▸ Work required
Of the entries below, return only those lines from the line with "The link to" to the line with "Labradorite Rondelle Beads Necklace For Sale", exactly, both included.

▸ Recorded information
——————————
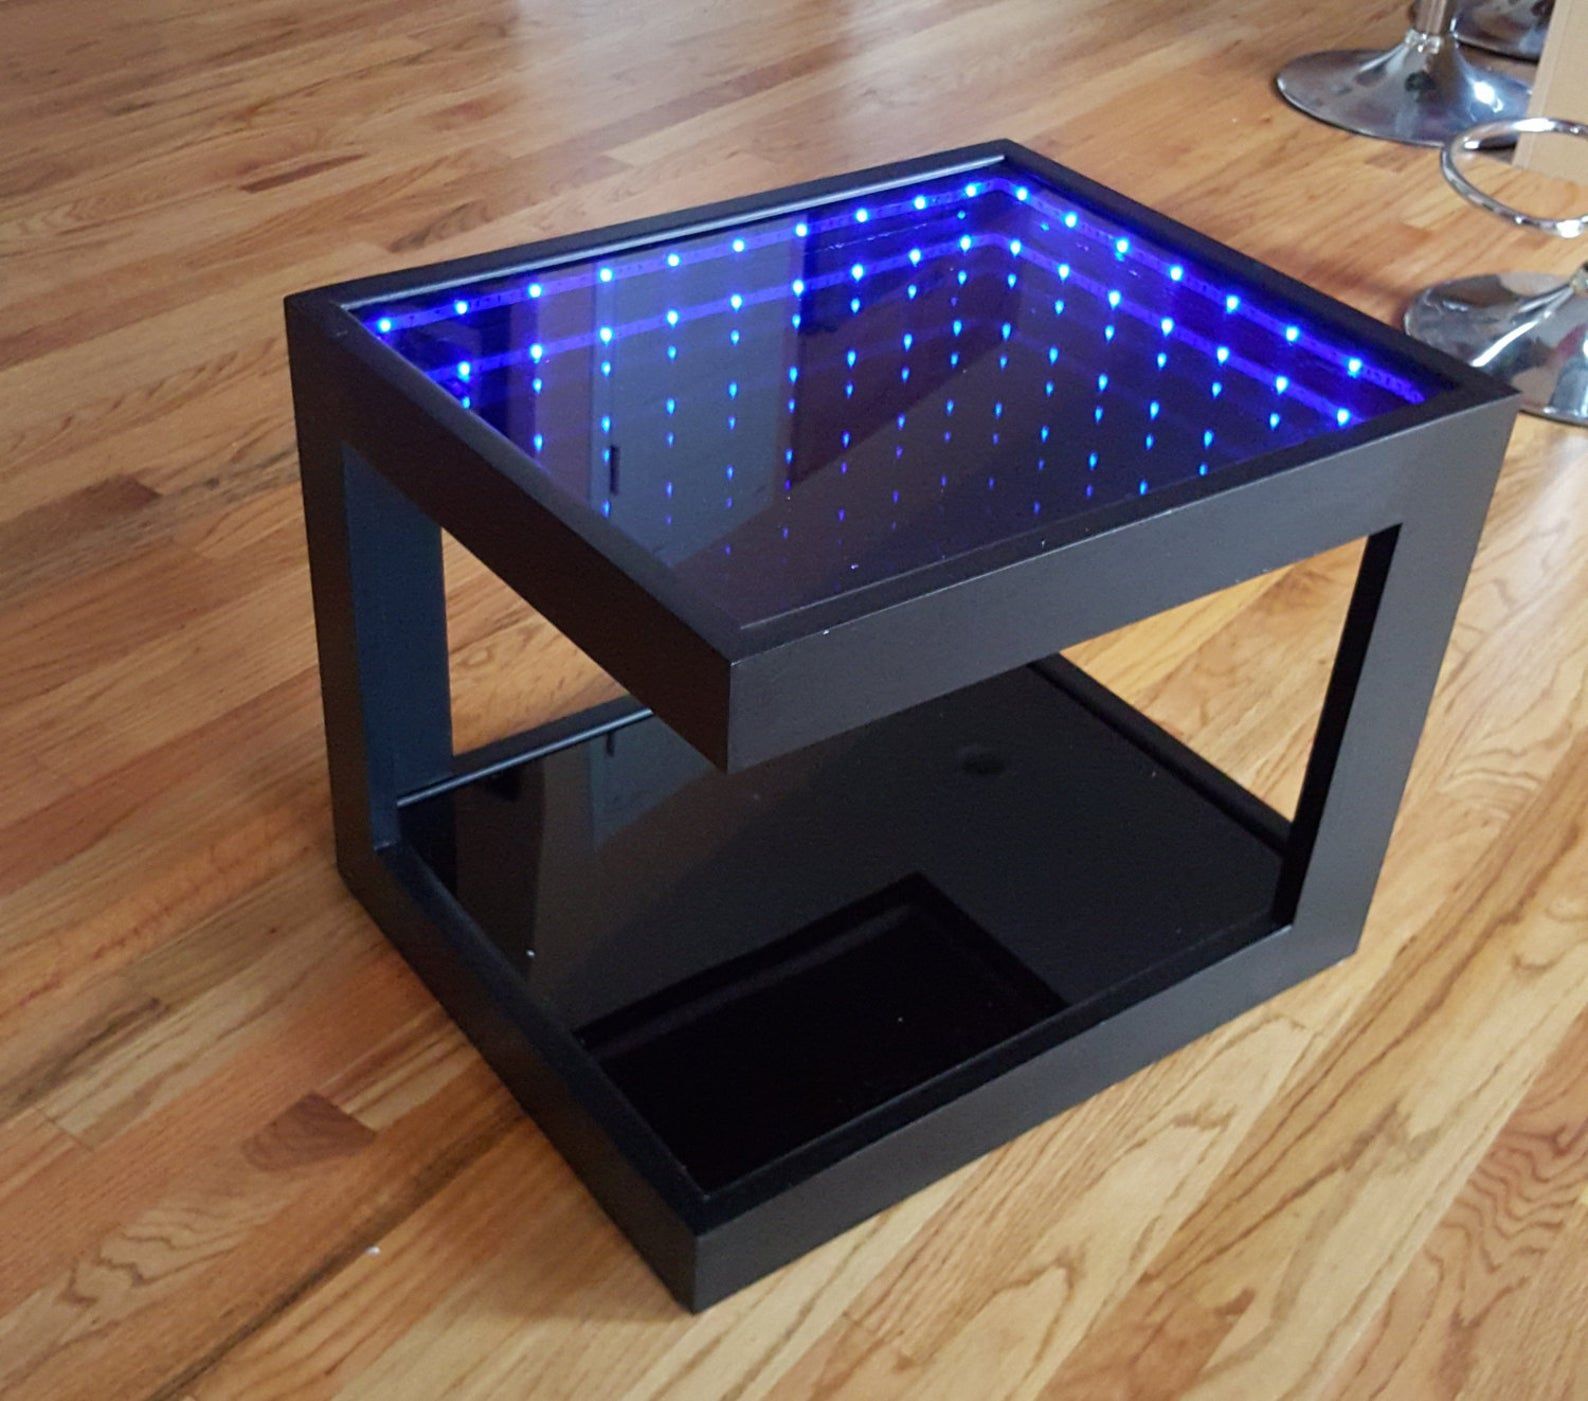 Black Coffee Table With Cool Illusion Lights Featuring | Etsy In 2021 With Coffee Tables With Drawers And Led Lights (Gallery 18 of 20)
——————————
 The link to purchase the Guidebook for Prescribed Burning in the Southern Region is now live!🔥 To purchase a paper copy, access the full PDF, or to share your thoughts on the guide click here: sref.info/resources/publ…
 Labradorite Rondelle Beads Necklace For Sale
——————————
▸ Solution to the problem
 The link to purchase the Guidebook for Prescribed Burning in the Southern Region is now live!🔥 To purchase a paper copy, access the full PDF, or to share your thoughts on the guide click here: sref.info/resources/publ…
 Labradorite Rondelle Beads Necklace For Sale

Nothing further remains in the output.